:: THE RECORDS ::
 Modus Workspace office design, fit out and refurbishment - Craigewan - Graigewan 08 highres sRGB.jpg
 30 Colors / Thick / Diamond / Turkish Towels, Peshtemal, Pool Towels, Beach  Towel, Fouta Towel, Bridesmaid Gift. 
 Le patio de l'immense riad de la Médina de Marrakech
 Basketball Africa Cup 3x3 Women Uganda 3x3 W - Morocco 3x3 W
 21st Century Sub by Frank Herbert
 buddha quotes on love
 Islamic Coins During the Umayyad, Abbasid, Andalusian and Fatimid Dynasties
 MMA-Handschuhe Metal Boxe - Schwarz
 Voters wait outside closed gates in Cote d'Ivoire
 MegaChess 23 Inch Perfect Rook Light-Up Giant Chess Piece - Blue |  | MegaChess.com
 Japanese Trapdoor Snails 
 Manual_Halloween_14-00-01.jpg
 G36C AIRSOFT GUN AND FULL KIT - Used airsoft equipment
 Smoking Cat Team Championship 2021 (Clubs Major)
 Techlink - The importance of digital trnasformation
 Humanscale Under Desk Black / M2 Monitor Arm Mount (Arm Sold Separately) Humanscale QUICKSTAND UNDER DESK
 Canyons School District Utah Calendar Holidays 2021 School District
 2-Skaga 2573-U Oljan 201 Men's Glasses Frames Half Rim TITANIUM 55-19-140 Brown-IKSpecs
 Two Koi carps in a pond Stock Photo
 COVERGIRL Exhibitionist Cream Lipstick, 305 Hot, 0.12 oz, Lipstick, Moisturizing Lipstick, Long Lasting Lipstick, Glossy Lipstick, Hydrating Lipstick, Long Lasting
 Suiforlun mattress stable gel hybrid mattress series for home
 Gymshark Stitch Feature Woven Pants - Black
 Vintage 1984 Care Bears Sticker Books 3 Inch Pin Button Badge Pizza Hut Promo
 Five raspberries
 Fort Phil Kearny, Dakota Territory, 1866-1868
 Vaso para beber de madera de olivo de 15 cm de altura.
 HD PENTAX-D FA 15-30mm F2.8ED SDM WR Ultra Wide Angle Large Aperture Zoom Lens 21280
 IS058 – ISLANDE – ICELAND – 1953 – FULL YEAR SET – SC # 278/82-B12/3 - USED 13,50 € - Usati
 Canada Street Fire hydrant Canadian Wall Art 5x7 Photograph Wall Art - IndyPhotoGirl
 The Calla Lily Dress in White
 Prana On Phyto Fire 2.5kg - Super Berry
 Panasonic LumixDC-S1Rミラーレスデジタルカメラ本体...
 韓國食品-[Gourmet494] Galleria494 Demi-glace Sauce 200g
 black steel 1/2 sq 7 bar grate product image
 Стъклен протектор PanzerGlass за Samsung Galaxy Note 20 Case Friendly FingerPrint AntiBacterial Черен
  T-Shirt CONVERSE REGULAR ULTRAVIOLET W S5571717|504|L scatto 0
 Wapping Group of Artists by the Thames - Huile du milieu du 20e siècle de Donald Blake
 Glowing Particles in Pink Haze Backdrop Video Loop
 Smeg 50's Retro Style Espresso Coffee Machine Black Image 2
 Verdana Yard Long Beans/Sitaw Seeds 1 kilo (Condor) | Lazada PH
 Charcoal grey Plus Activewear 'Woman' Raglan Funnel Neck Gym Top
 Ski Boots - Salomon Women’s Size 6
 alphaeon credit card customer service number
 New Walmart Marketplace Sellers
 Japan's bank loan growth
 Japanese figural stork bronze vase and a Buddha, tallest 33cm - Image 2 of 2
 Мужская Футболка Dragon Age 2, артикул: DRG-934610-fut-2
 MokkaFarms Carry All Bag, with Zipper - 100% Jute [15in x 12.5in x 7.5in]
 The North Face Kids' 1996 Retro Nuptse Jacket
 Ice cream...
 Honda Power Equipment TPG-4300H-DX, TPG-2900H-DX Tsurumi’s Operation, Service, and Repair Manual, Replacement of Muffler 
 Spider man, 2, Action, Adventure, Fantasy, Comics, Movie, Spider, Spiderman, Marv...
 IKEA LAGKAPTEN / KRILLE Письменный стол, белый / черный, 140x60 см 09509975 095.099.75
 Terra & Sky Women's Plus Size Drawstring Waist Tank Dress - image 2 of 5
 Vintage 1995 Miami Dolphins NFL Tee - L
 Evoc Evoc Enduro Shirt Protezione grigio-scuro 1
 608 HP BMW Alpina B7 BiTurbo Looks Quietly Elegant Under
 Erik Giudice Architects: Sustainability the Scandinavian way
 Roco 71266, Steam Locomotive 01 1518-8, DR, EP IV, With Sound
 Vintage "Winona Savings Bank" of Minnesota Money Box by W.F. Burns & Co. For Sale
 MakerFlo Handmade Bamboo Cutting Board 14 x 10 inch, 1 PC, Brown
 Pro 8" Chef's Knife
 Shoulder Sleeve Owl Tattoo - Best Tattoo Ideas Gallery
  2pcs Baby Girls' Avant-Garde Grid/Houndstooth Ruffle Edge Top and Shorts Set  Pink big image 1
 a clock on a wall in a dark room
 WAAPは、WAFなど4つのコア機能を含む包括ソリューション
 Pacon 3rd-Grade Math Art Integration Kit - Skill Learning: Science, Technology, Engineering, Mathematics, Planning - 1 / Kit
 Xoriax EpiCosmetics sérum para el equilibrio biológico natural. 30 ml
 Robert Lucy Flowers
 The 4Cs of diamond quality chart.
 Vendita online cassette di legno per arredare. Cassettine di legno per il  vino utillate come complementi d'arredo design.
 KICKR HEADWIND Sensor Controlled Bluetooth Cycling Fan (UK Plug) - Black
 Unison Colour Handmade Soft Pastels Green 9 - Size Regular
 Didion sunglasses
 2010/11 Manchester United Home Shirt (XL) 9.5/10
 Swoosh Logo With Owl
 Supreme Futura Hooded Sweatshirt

:: EXERCISE GOAL ::
Look through the entries above; find each line with the word "Japanese" and copy it.

:: REPLY ::
 Japanese Trapdoor Snails 
 Japanese figural stork bronze vase and a Buddha, tallest 33cm - Image 2 of 2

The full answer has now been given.